Après plusieurs allers-retours au Liban, elle finit par trouver le graal en rencontrant un artisan libanais qui maîtrise la technique de revêtement en céramique alimentaire, apprise de son père. « Il travaillait dans les revêtements de poêles, de cafetières et autres ustensiles, mais il avait arrêté de travailler à cause de la crise économique. Je lui ai présenté mon projet et je l’ai encouragé à installer pour moi un petit four afin de confectionner mes produits. Il a fini par accepter ! » raconte-t-elle joyeusement. « Je suis allée faire un master de design industriel ailleurs et j’ai lancé un business complètement artisanal au Liban ! »

Aujourd’hui, onze artisans participent à la fabrication d’une seule pièce. « Mes parents, qui sont tous les deux architectes m’aident aussi, et je coordonne l’ensemble ! » La maîtrise des réseaux sociaux l’a aidée à faire connaître son projet . « Mon business a rapidement décollé. La vente de mon premier saj date du 15 décembre 2022, je fête cet anniversaire chaque année », confie-t-elle. En mai 2023, Leatitia Jbeily décide de rentrer au Liban afin de mieux suivre le développement de son produit, dont elle n’avait pas anticipé la rapidité.
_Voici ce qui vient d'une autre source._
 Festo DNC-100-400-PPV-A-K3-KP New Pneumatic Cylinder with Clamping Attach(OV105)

Un « saj » multifonctionnel. Photo DR

« Manouché » , « knéfé » et autres perspectives

Les clients de Saj Voyage sont internationaux à 90 %, essentiellement d’Amérique, d’Australie, des pays du Golfe et d’Europe. « Je travaille avec DHL pour leur acheminement, et j’en expédie tous les jours. Je vends aussi mon produit au Liban, surtout pour les expatriés, au moment de Noël et de l’été. Les résidents au Liban optent pour mon produit parce qu’ils sont attirés par son design, sa fonctionnalité ou son originalité. S’ils ont envie de manger une manouché, ils descendent au furn (boulangerie), c’est bien plus simple ! » précise-telle. Business familial oblige, la mère de Laetitia Jbeily commercialise aussi le produit de sa fille dans sa boutique de souvenirs à Dekouané, Marktem.
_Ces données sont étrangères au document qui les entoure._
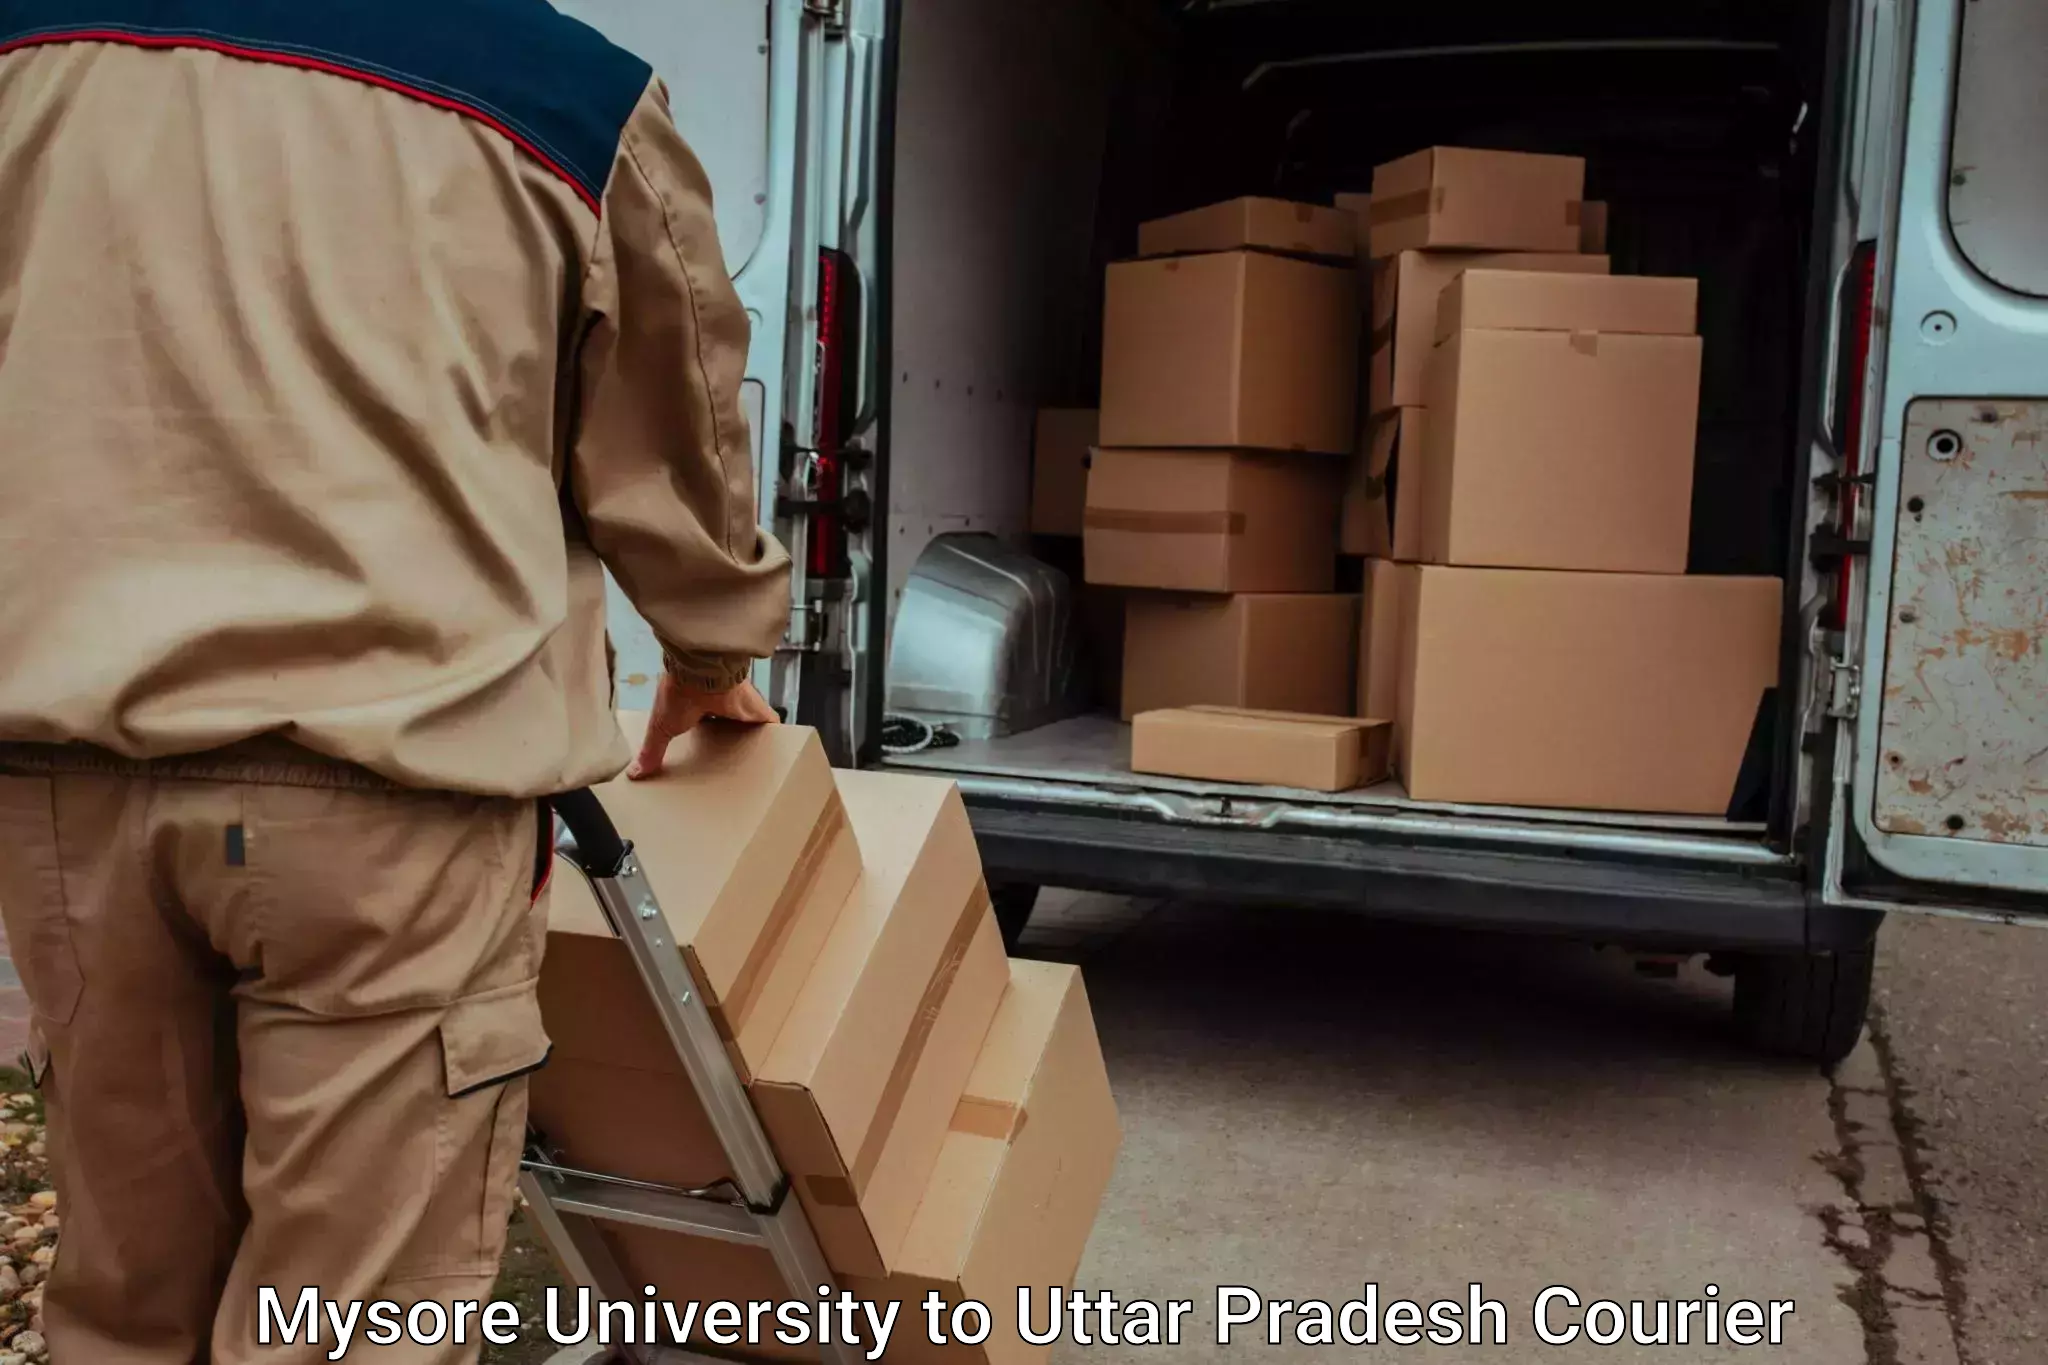 Reliable moving assistance in Mysore University to Agra

Résultat, plus de 3 000 sajs déjà vendus et un certain nombre de projets à venir. « On me demande une version familiale du saj, je suis en train de travailler là-dessus, ainsi que sur une variante du saj actuel. J’ai conçu un plateau destiné à la cuisson de la knéfé que l’on peut installer à la place du dôme du saj. Il sera lancé d’ici à une semaine et pourra être choisi en plus du kit saj, pour en diversifier l’usage », annonce-t-elle. Il s’agit donc, tout comme pour la manouché, de permettre aux gens de faire de la knéfé plus facilement à la maison.

En avril 2024, Saj Voyage a gagné le prix Horeca innovation, le plus grand salon annuel libanais dédié à l’hôtellerie, la restauration et l’alimentation. Les réjouissances ne s’arrêtent pas là. « J’aime le fait de bien connaître les artisans avec lesquels je travaille. L’un d’eux m’a raconté récemment que grâce à son engagement avec nous, il gagne mieux sa vie. Il était fier de me dire qu’il a même pu avancer la scolarité du fils de son ami. Ce sont des histoires qui nous poussent à continuer et à produire au Liban ! »

Laeticia Jbeily fera une présentation de son Saj Voyage le 3 avril à 11 heures à la Middle East University à Jdeidé.

Instagram: laetitia.dsgn

D’une voix chantante, avec la légèreté de son jeune âge, Laetitia Jbeily évoque son parcours avec une énergie solaire. À tout juste vingt-cinq ans, la jeune brune a déjà un parcours bien rempli derrière elle, qu’elle livre d’une manière foisonnante. Après des études à l’ALBA en design de produit, elle se lance dans un stage qui va être déterminant pour sa carrière. « En 2020, j’ai rejoint pendant un an la boîte Bits to atoms à Mkallès, un bureau de design et d’architecture spécialisé dans la 3D, créé par le designer français Guillaume Credoz. Il m’a intégrée à son projet de créer une Paper Chair. Ça m’a passionnée », se souvient-elle. L’idée était de concevoir une chaise entièrement biodégradable. La jeune femme imagine une « recette » pour l’objet et son moule. « J’ai...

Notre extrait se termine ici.